Twenty-five RCTs (2,220 patients) and 51 non-comparative studies (3,218 patients) were included.
The results from the fenofibrate arms of the comparative trials were reported as mean percentage alterations from baseline.
Total cholesterol.
Fenofibrate decreased total cholesterol levels by 20% (range: 17 to 28) in type IIa hyperlipidaemias, by 20% (range: 14 to 25) in type IIb, by 24% in type III, and by 14% in type IV.
Triglyceride.
Fenofibrate decreased triglyceride concentrations by 33% (range: 24 to 38) in type IIa hyperlipidaemias, by 46% (range: 41 to 53) in type IIb, by 51% in type III, and by 53% in type IV.
High-density lipoprotein cholesterol.
Fenofibrate increased high-density lipoprotein concentrations by 12% (range: 10 to 15) in type IIa hyperlipidaemias, by 20% (range: 8 to 34) in type IIb, by 21% in type III, and by 15% (range: 14 to 15) in type IV.
Low-density lipoprotein cholesterol
Fenofibrate decreased low-density lipoprotein concentrations by 26% (range: 20 to 24) in type IIa hyperlipidaemias and by 23% (range: 6 to 35) in type IIb.
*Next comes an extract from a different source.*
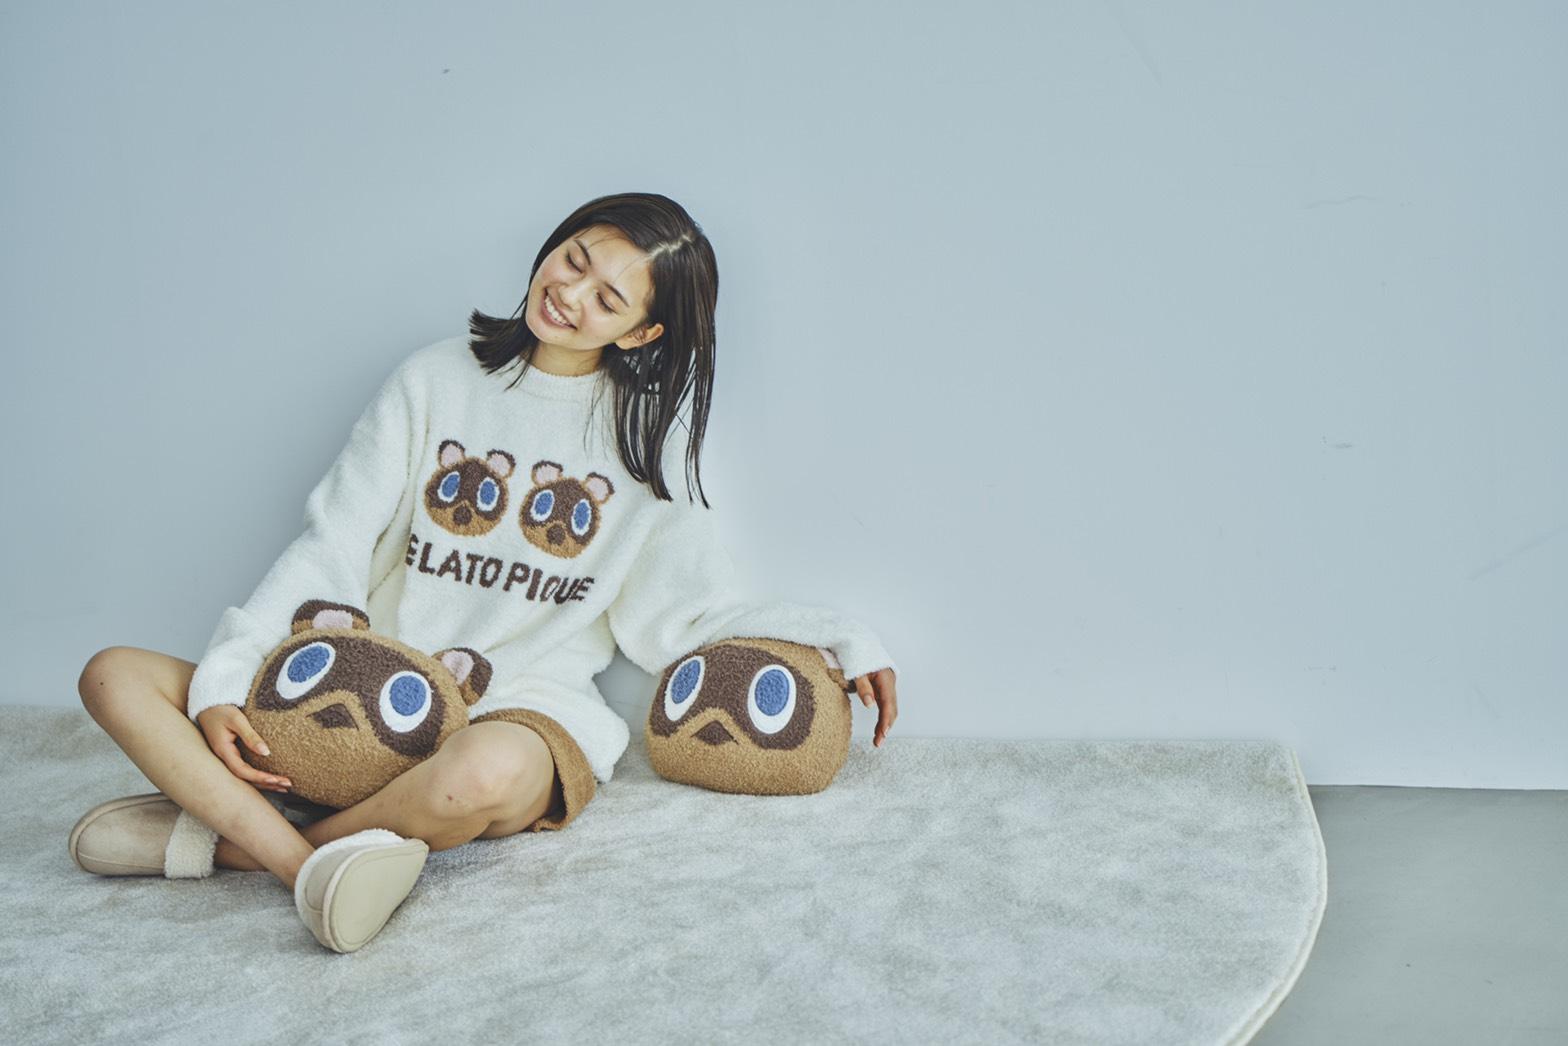 Animal Crossing Gelato Pique loungewear

The concentrations were increased by 6% (range: -9 to +20) in type IV hyperlipidaemias.
Very low-density lipoprotein cholesterol.
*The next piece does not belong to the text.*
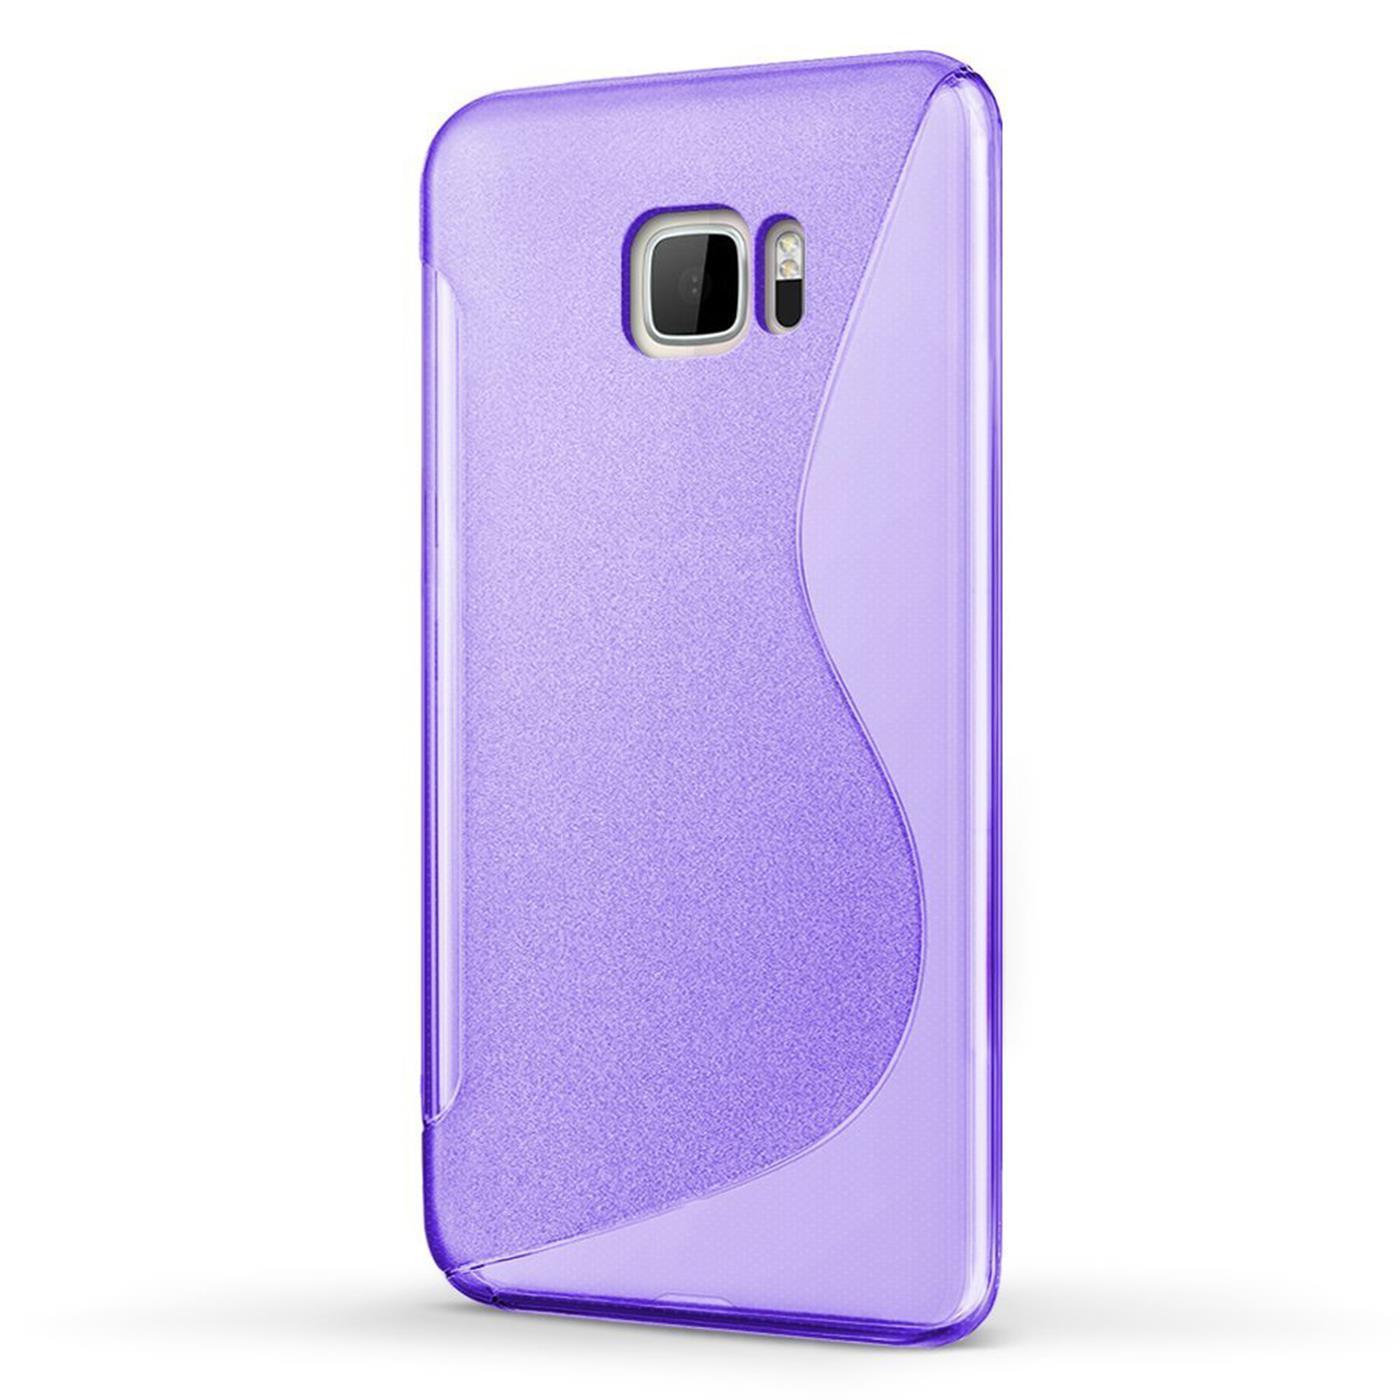 HTC-One-m9-Silikon-Gel-S-Line-Case-Cover-Ultra-Thin-Slim-Back-Bumper Indexbild 12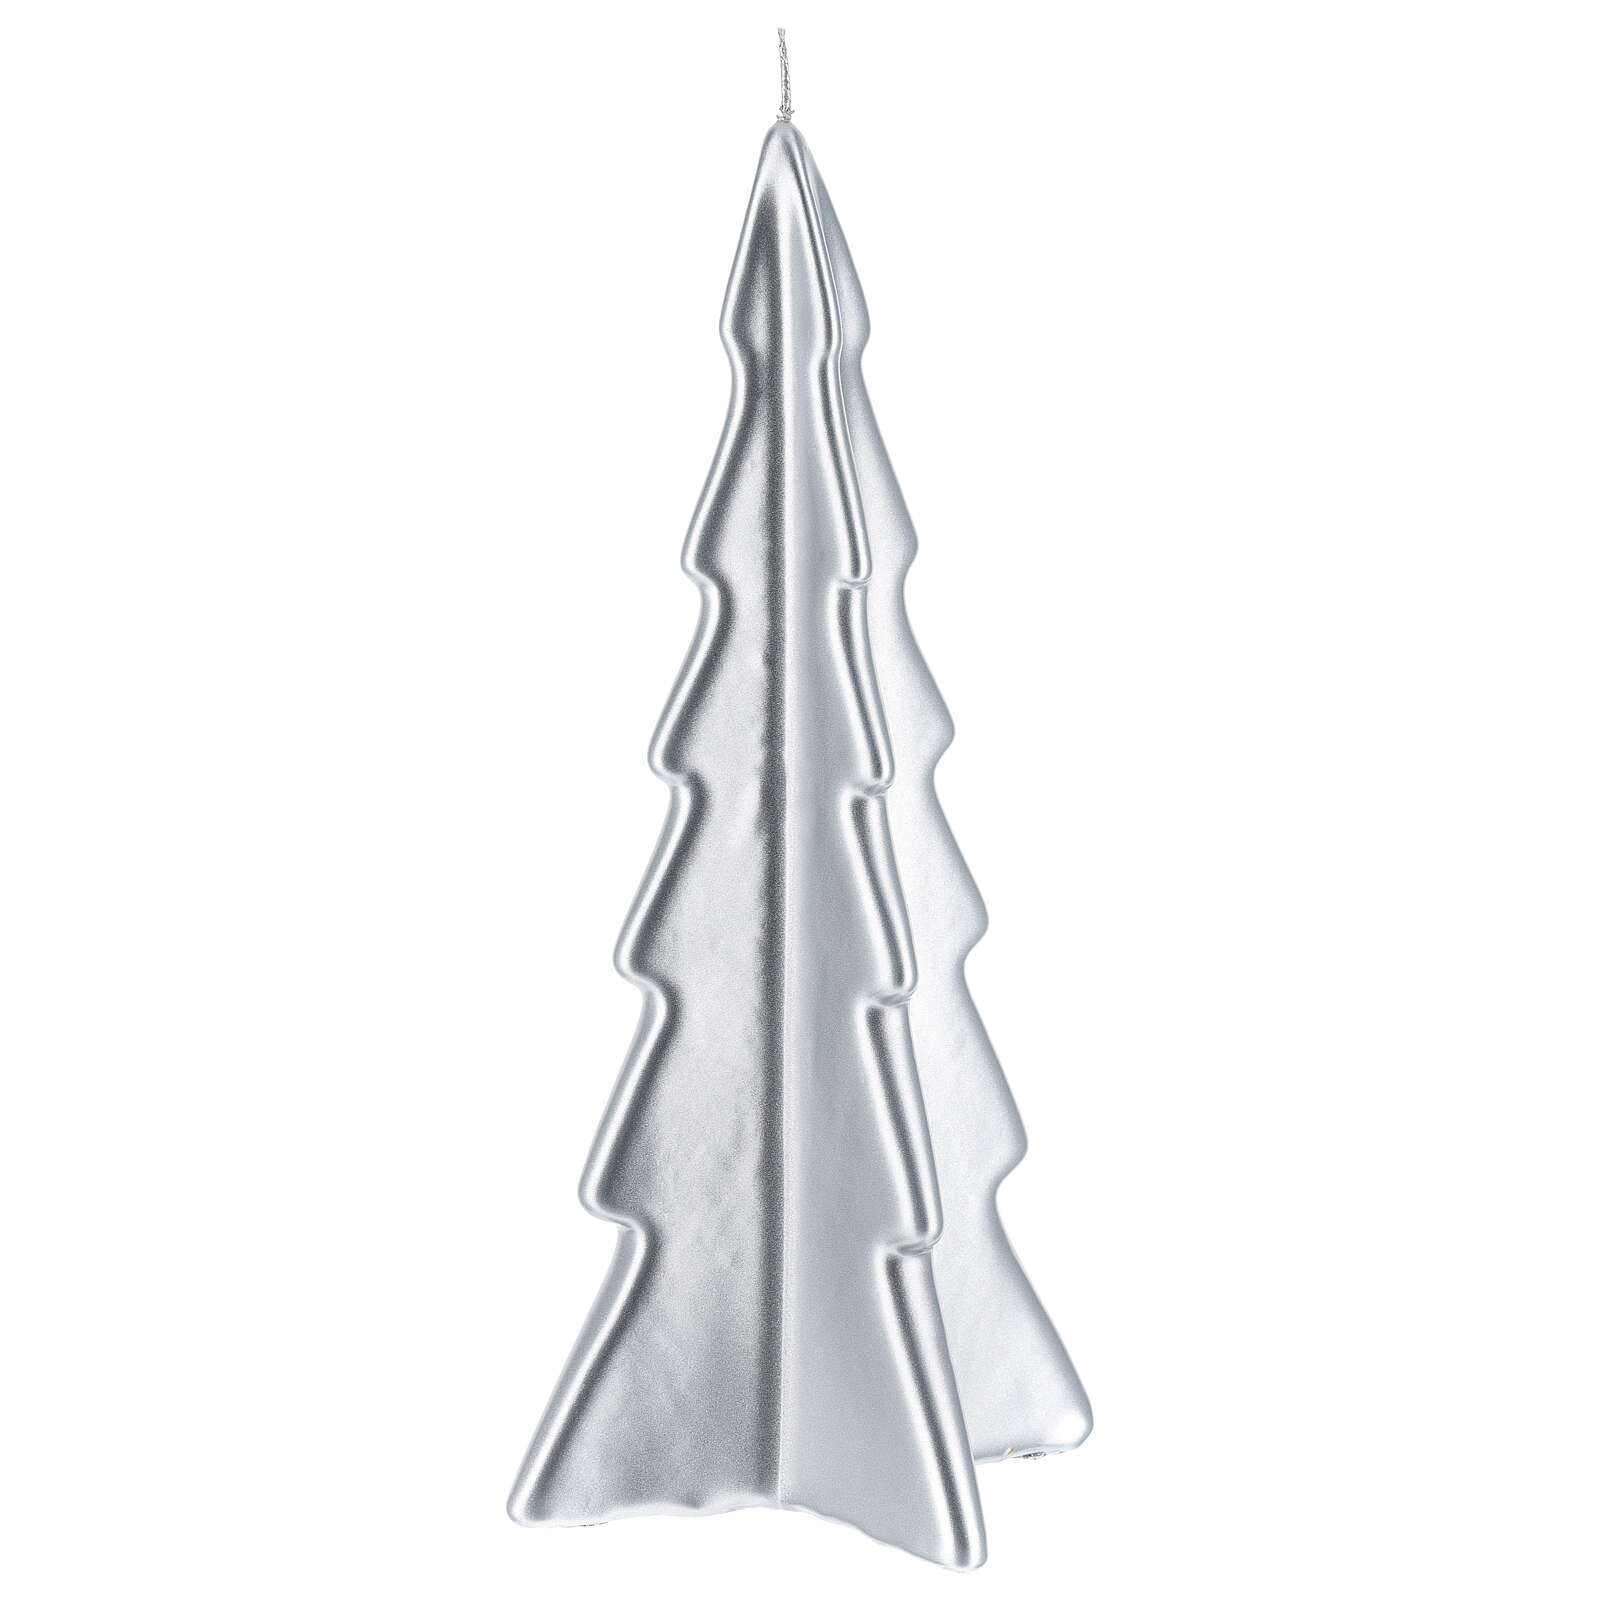 Vela de Natal árvore prateada modelo Oslo 26 cm 3

Fenofibrate decreased very low-density lipoprotein concentrations by 44% (range: 38 to 61) in type IIa hyperlipidaemias, by 51% (range: 48 to 53) in type IIb, by 63% in type III, and by 60% (range: 56 to 63) in type IV.
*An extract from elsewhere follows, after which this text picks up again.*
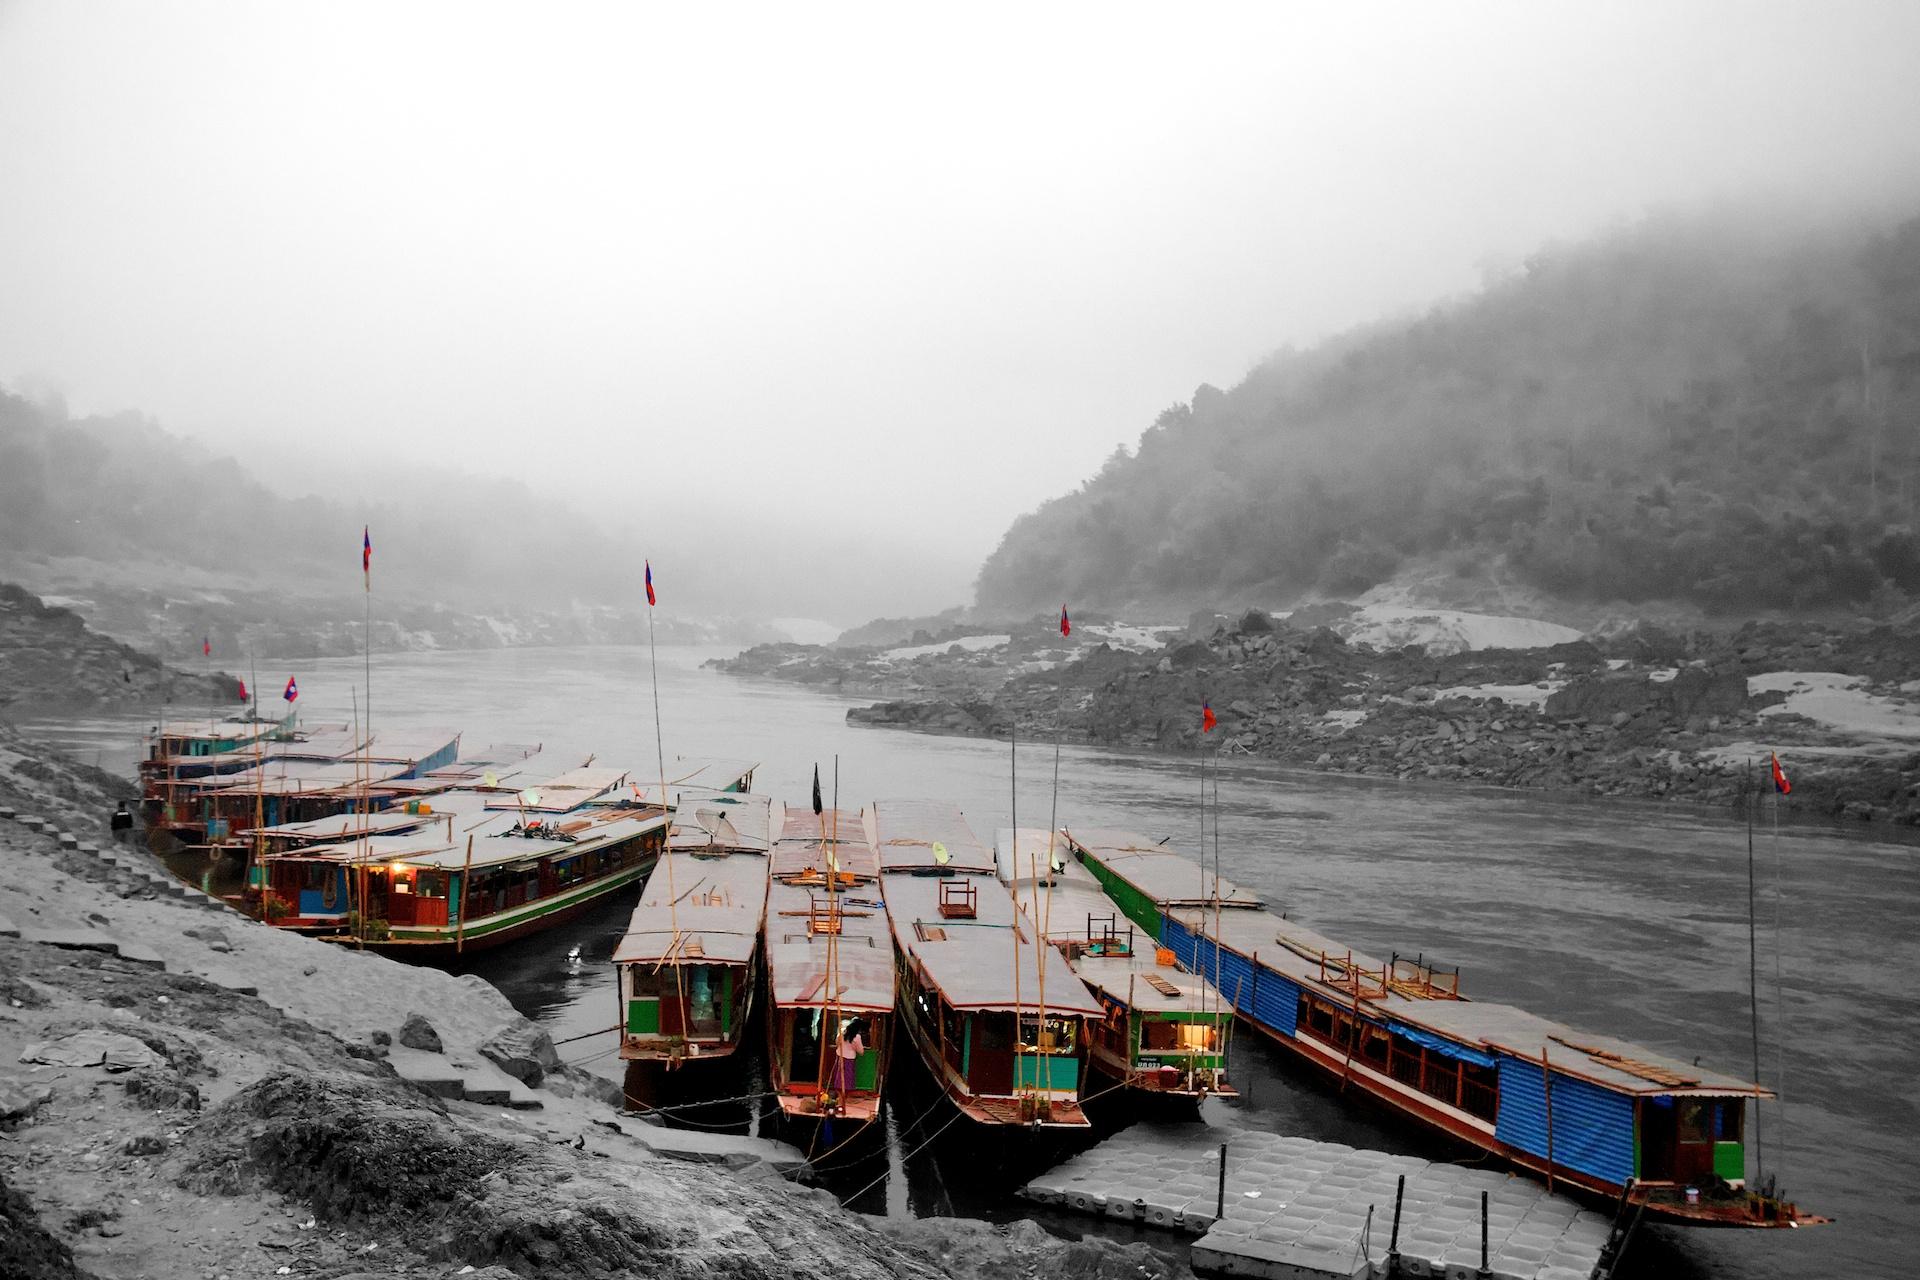 Mekong River Docks

Very low-density lipoprotein triglycerides.
Fenofibrate decreased very low-density lipoprotein triglyceride levels by 34% in type IIa hyperlipidaemias, by 52% in type IIb, by 58% in type III, and by 61% (range: 59 to 63) in type IV.
The comparative trials did not present data for low-density lipoprotein triglycerides.
Adverse events.
Twelve of the 25 comparative RCTs included did not present data on adverse effects.
The authors reported that from the included studies and the manufacturer's data on file, 'a constellation of events probably causally related can be constructed including: hepatitis; cholelithiasis; cholecystitis; hepatomegaly; myalgia; myasthenia; rhabdomyolysis; photosensitivity; eczema; and allergic pulmonary alveolitis. The overall frequency of these events with long-term therapy are not well established but appear to be no more than 10% per event'.
The findings of 4 studies on cholesterol gallstone formation indicated that fenofibrate may predispose to cholesterol cholelithiasis.
Drug interactions.
Four clinical trials and 1 case report revealed that fenofibrate can enhance the effect of oral anticoagulants.
One study indicated that myopathy was associated with combination statin-fenofibrate therapy.
Higher statin doses (pravastatin 40 mg/day, simvastatin 60 mg/day) may cause myotoxicity with symptoms.
Pregnancy and lactation.
The safety of fenofibrate in pregnant and lactating women has not been established, and few data are available on fenofibrate in paediatric populations.